@dachopper
You are absolutely correct, this is because the NYHA classification is very subjective. See below of an extract from an article:
"The survey of cardiologists showed no consistent method for assessing NYHA class and a literature survey showed that 99% of research papers do not reference or describe their methods for assigning NYHA classes. The interoperator variability study showed only 54% concordance between the two cardiologists."
However, no one can miss diabetic/ischemic classification; furthermore, there seems to be a bidirectional link between diabetes and heart-failure. exert from this article write: "People who have Type 2 diabetes, characterized by elevated blood sugar levels, are two to four times more likely to develop heart failure than someone without diabetes. But heart failure, a condition in which the heart fails to efficiently pump oxygenated blood through the body, also is a risk factor for diabetes"

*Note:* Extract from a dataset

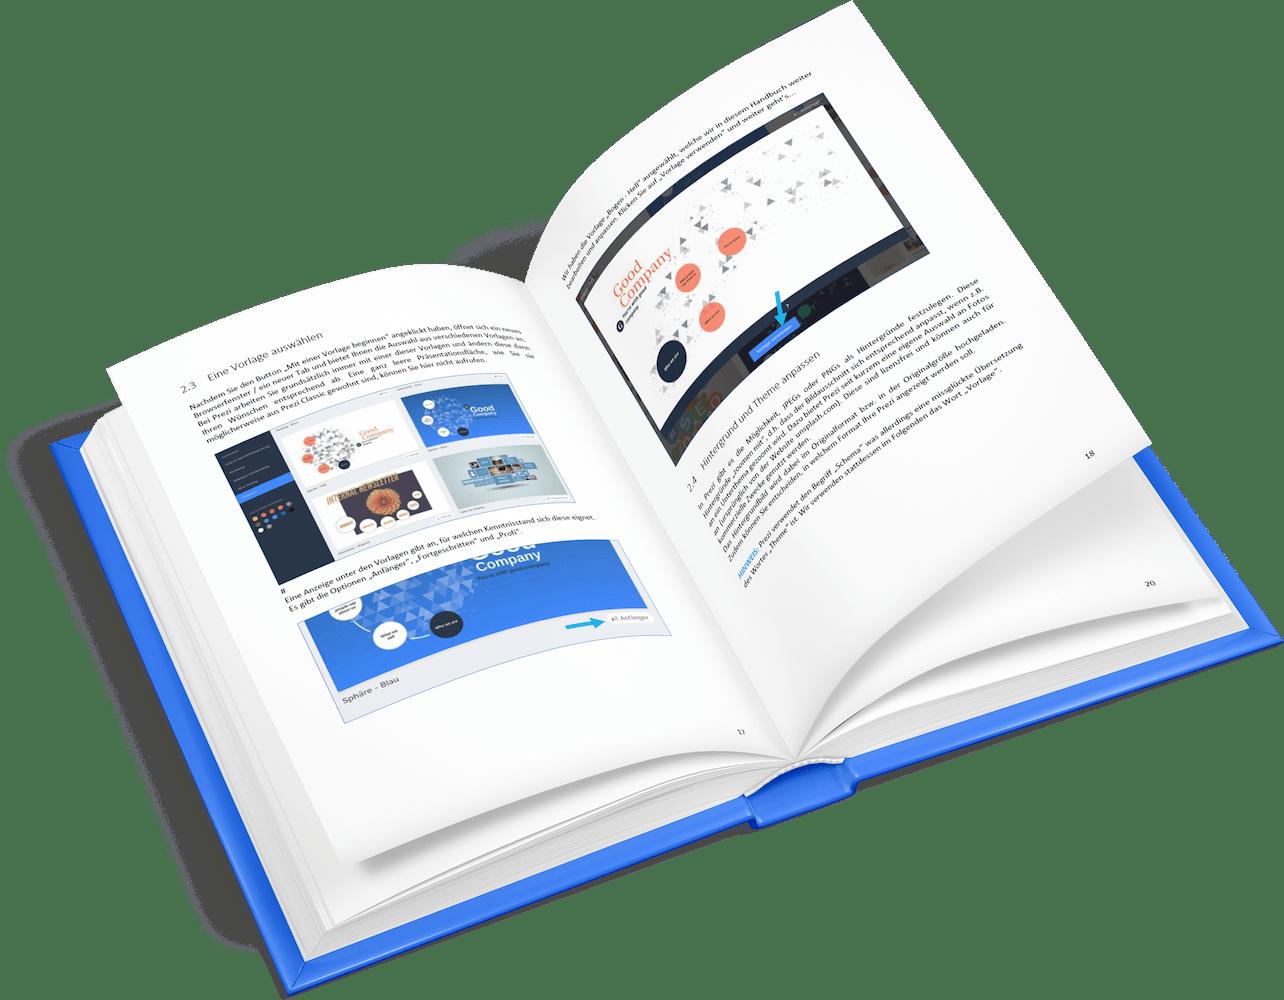 Prezi Present Handbuch aufgeschlagen

I also agree with you that our target population for the next trial should be 1) CRP >2 (inflammation), 2) NYHA class II - III (but the study will enriched for class II, as many class III patients have too much scare tissues already in the heart) 3) diabetic/ischemic patients (either as an inclusion criteria OR as a pre-specified subpopulation)

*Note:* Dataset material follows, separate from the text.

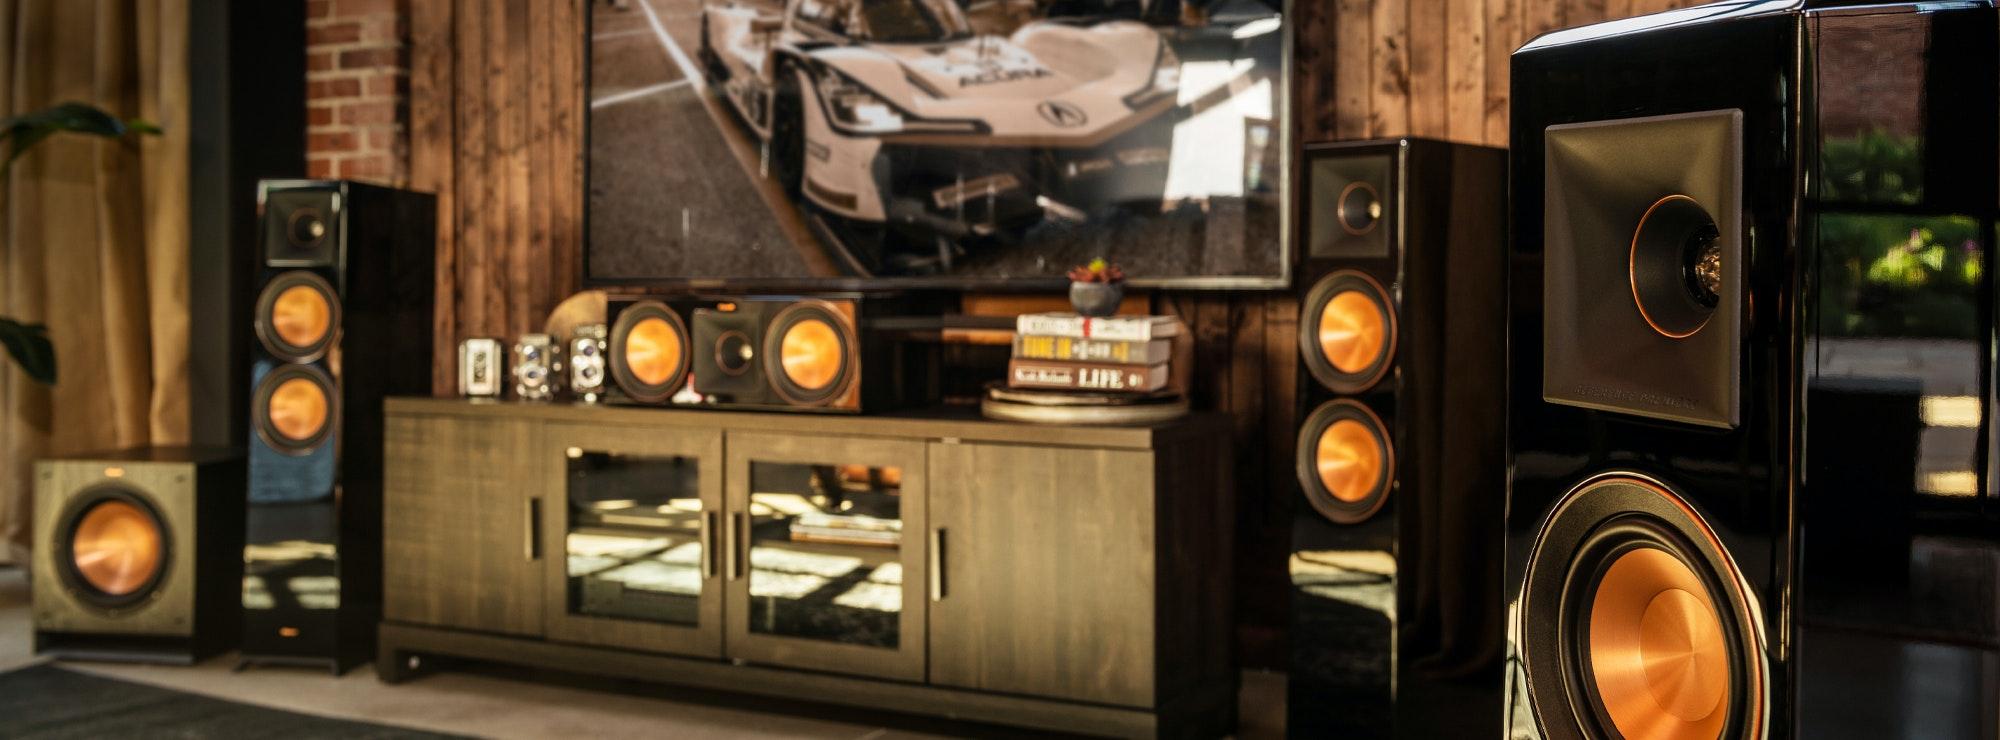 Klipsch reference premiere surround speaker system

Ideally we would ignore class III patients, but since it is so difficult to discern between class II & III, it is wiser to include both into the next trial, whatever the next trial may be (either another phase 3; or a phase 4 (slim chance)- if we get Accelerated Approval for the diabetic/ischemic group).
The meeting with the FDA will be interesting, because if we have to wait for another phase 3 trial, that's at least 4-5 years before we see any results, during which more patients would have died from HF.